TASK BRIEF
Everything in the records below must be repeated exactly, except the pictures.

MATERIAL FOR THIS EXERCISE

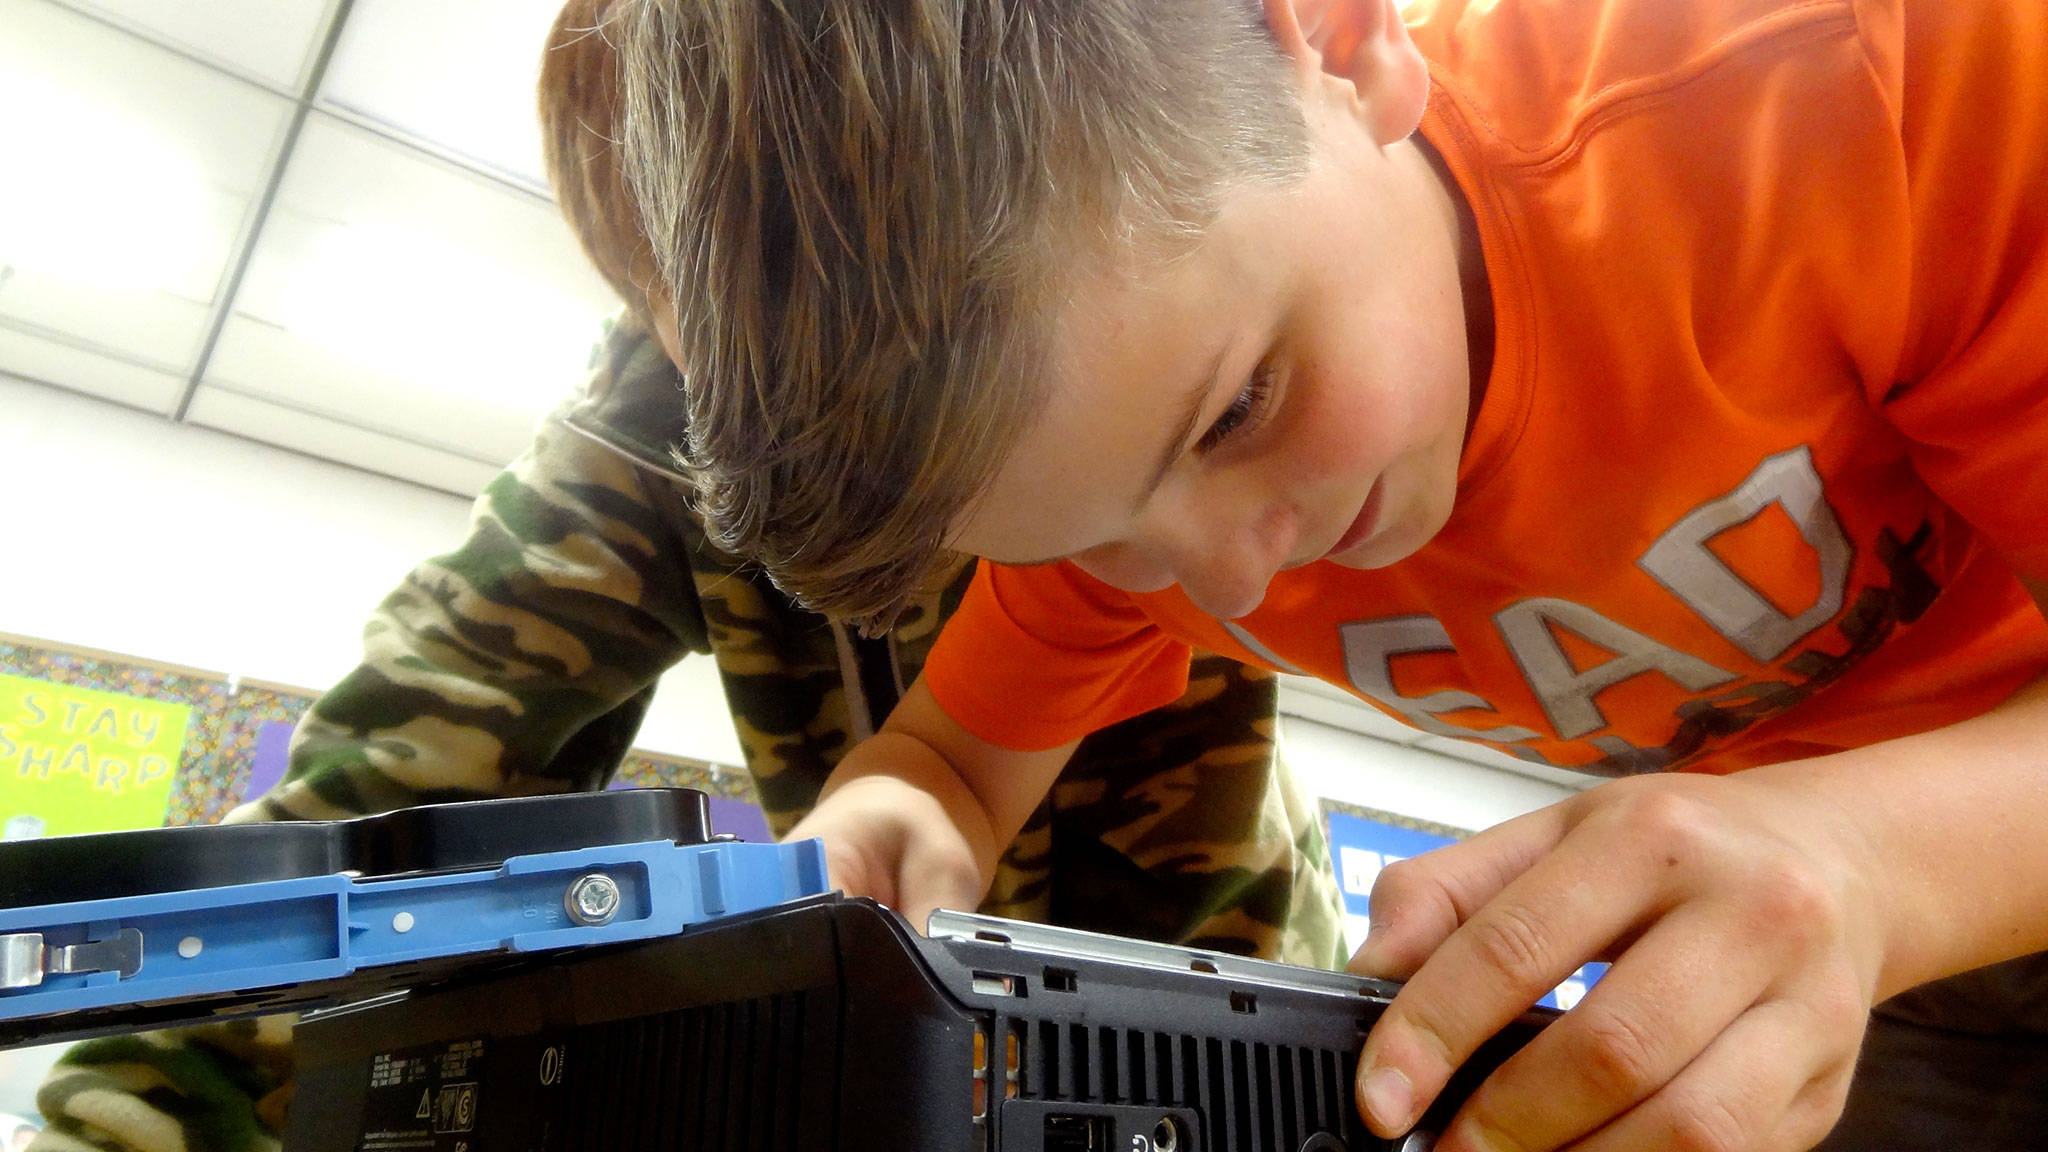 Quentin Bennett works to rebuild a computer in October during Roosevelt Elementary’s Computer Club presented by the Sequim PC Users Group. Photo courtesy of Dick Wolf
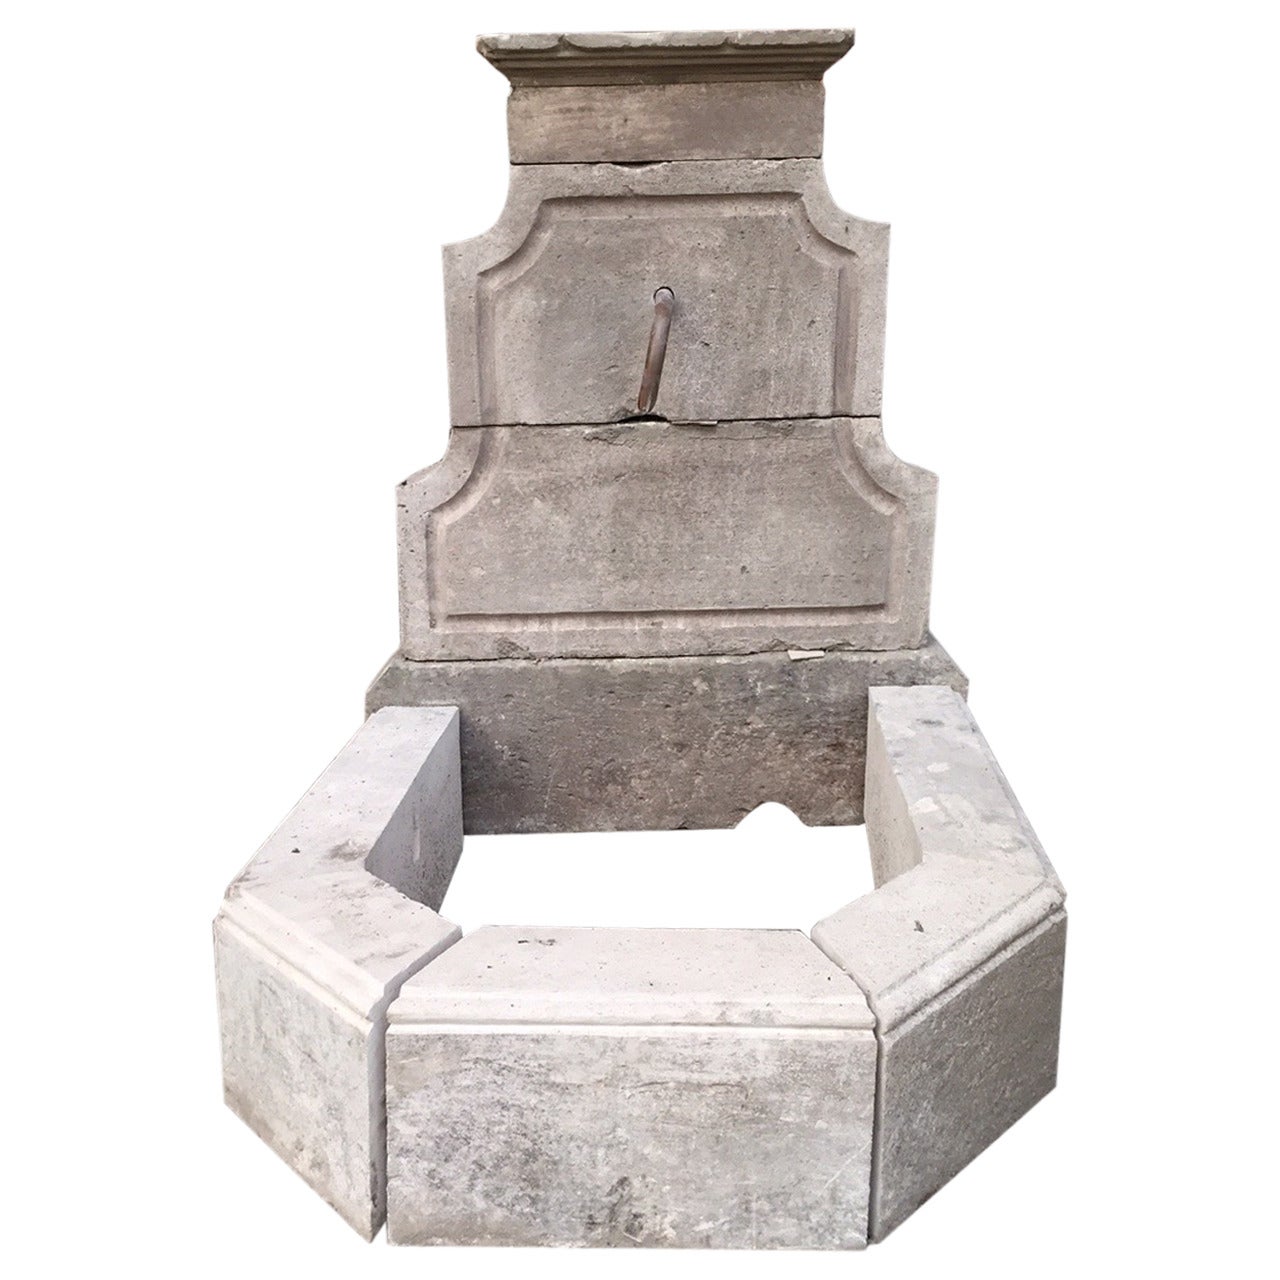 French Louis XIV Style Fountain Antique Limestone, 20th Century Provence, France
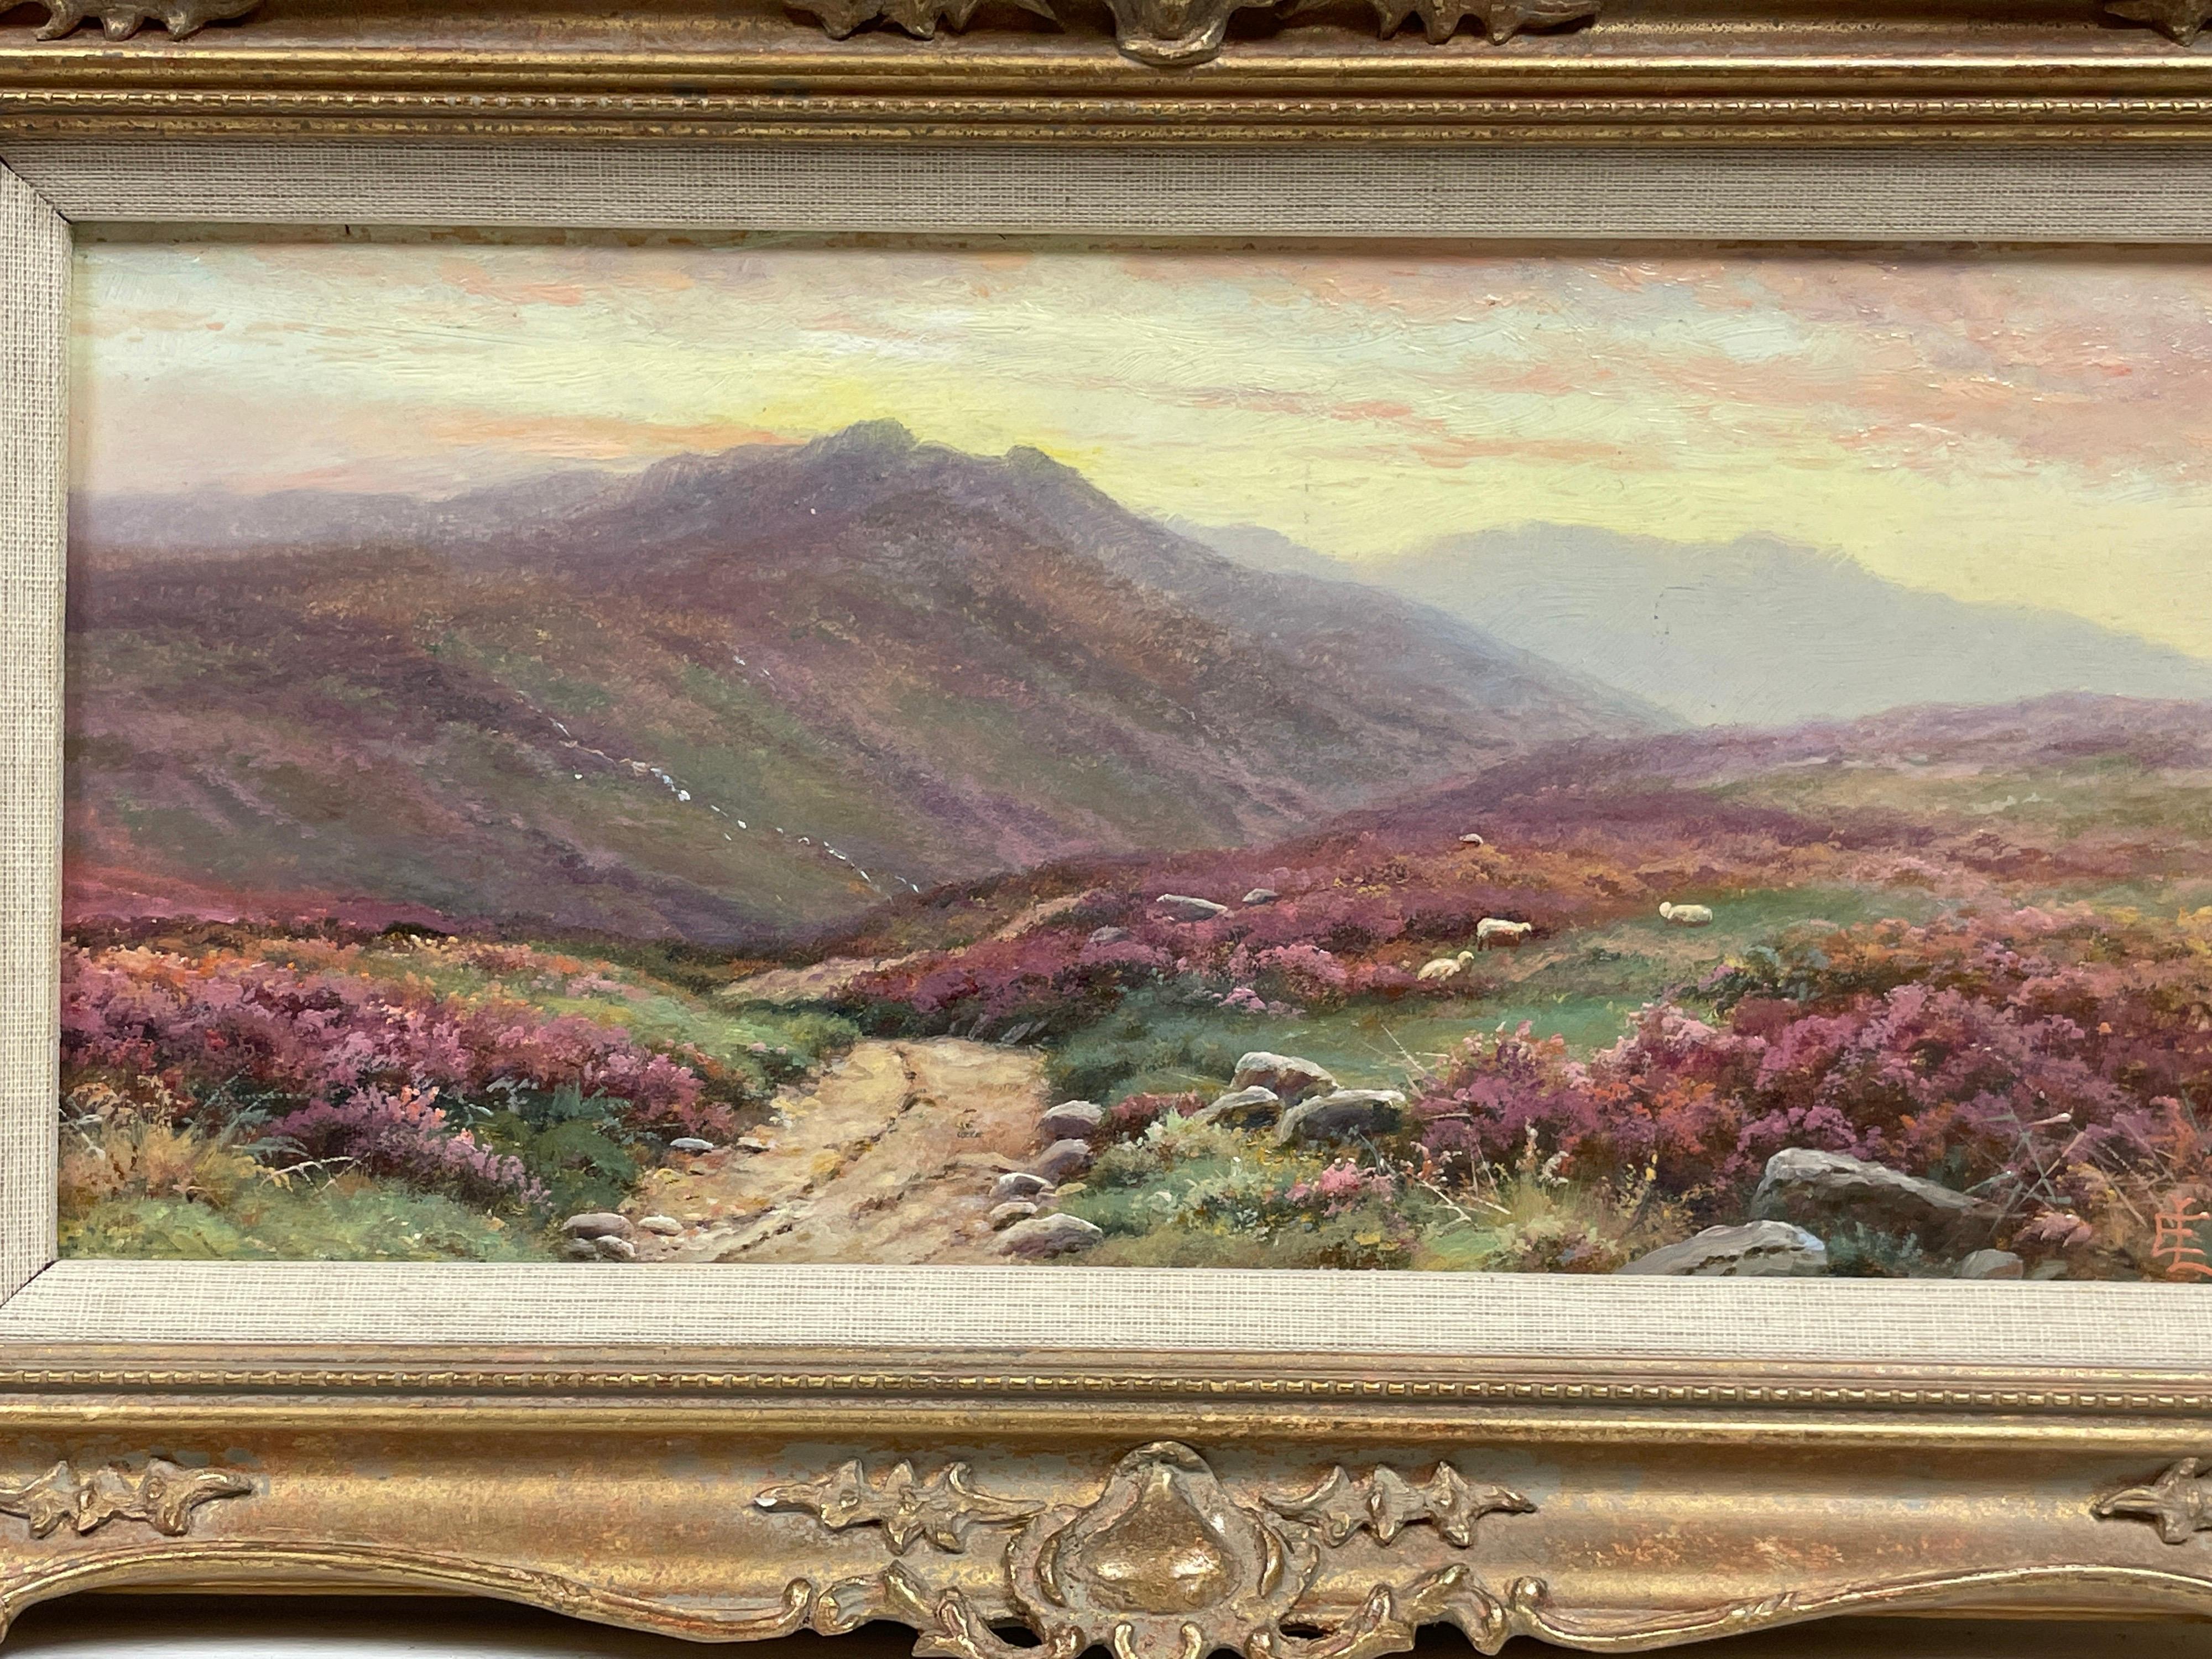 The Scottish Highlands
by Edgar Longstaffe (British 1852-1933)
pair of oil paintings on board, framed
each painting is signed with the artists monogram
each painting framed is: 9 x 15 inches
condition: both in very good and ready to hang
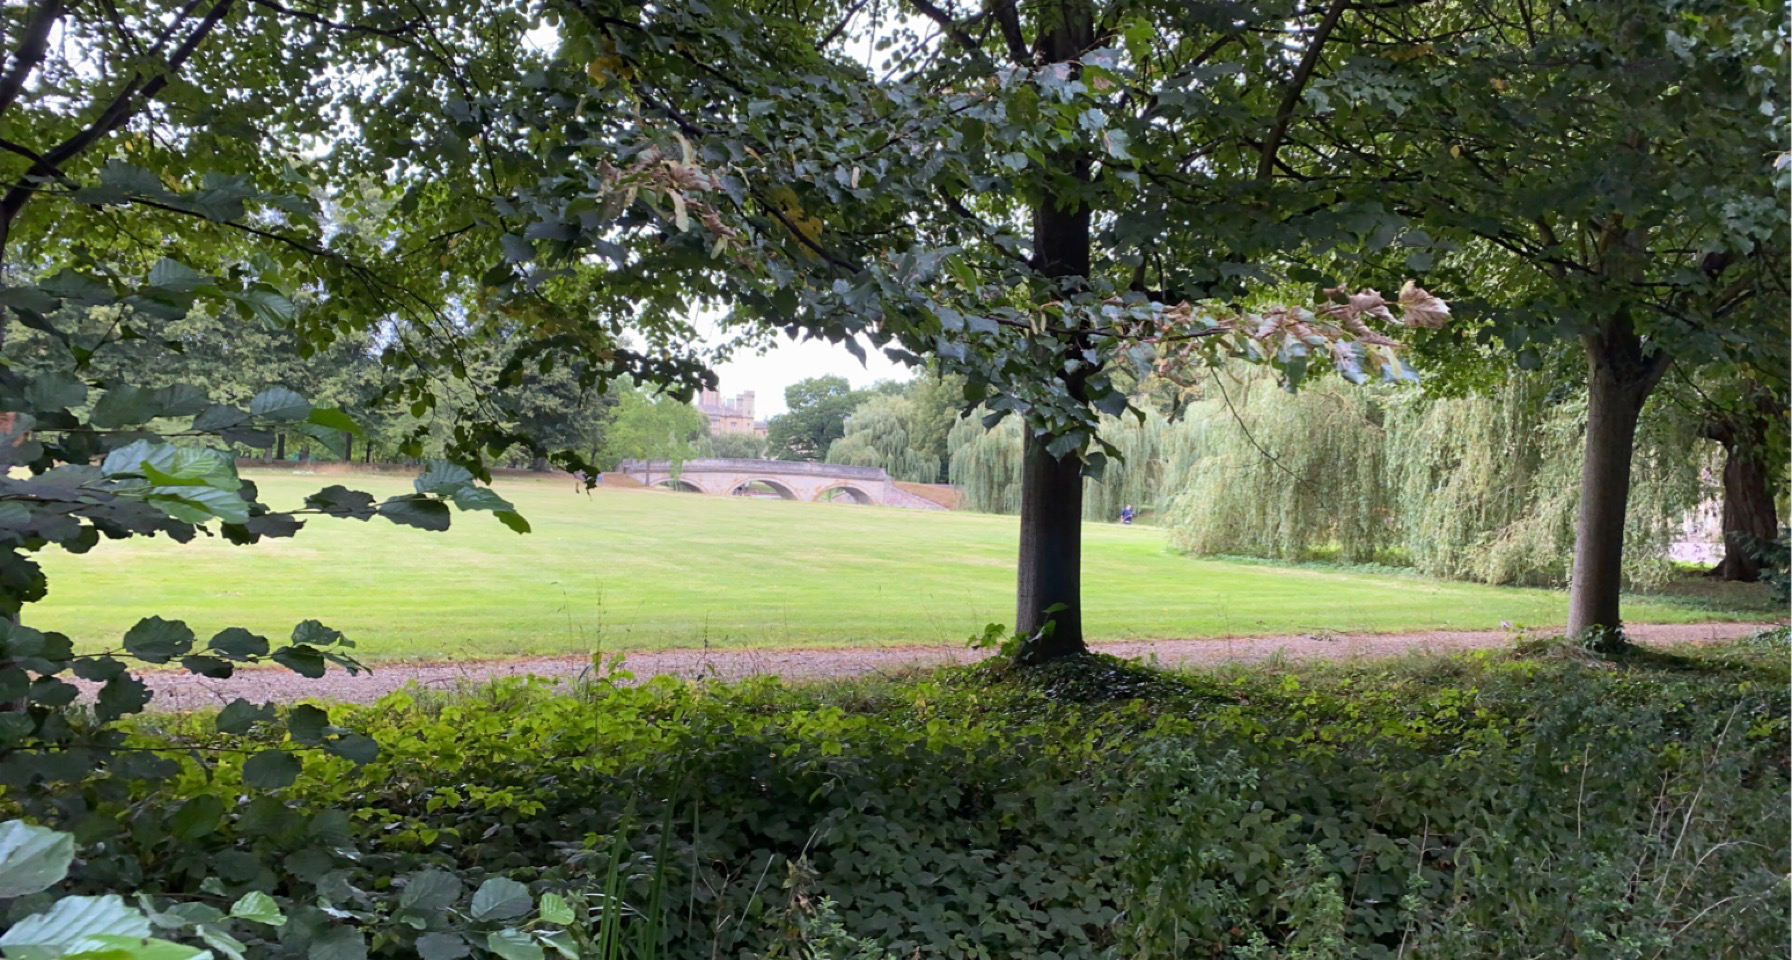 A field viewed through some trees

TASK RESPONSE
 Quentin Bennett works to rebuild a computer in October during Roosevelt Elementary’s Computer Club presented by the Sequim PC Users Group. Photo courtesy of Dick Wolf
 French Louis XIV Style Fountain Antique Limestone, 20th Century Provence, France
 The Scottish Highlands
by Edgar Longstaffe (British 1852-1933)
pair of oil paintings on board, framed
each painting is signed with the artists monogram
each painting framed is: 9 x 15 inches
condition: both in very good and ready to hang
 A field viewed through some trees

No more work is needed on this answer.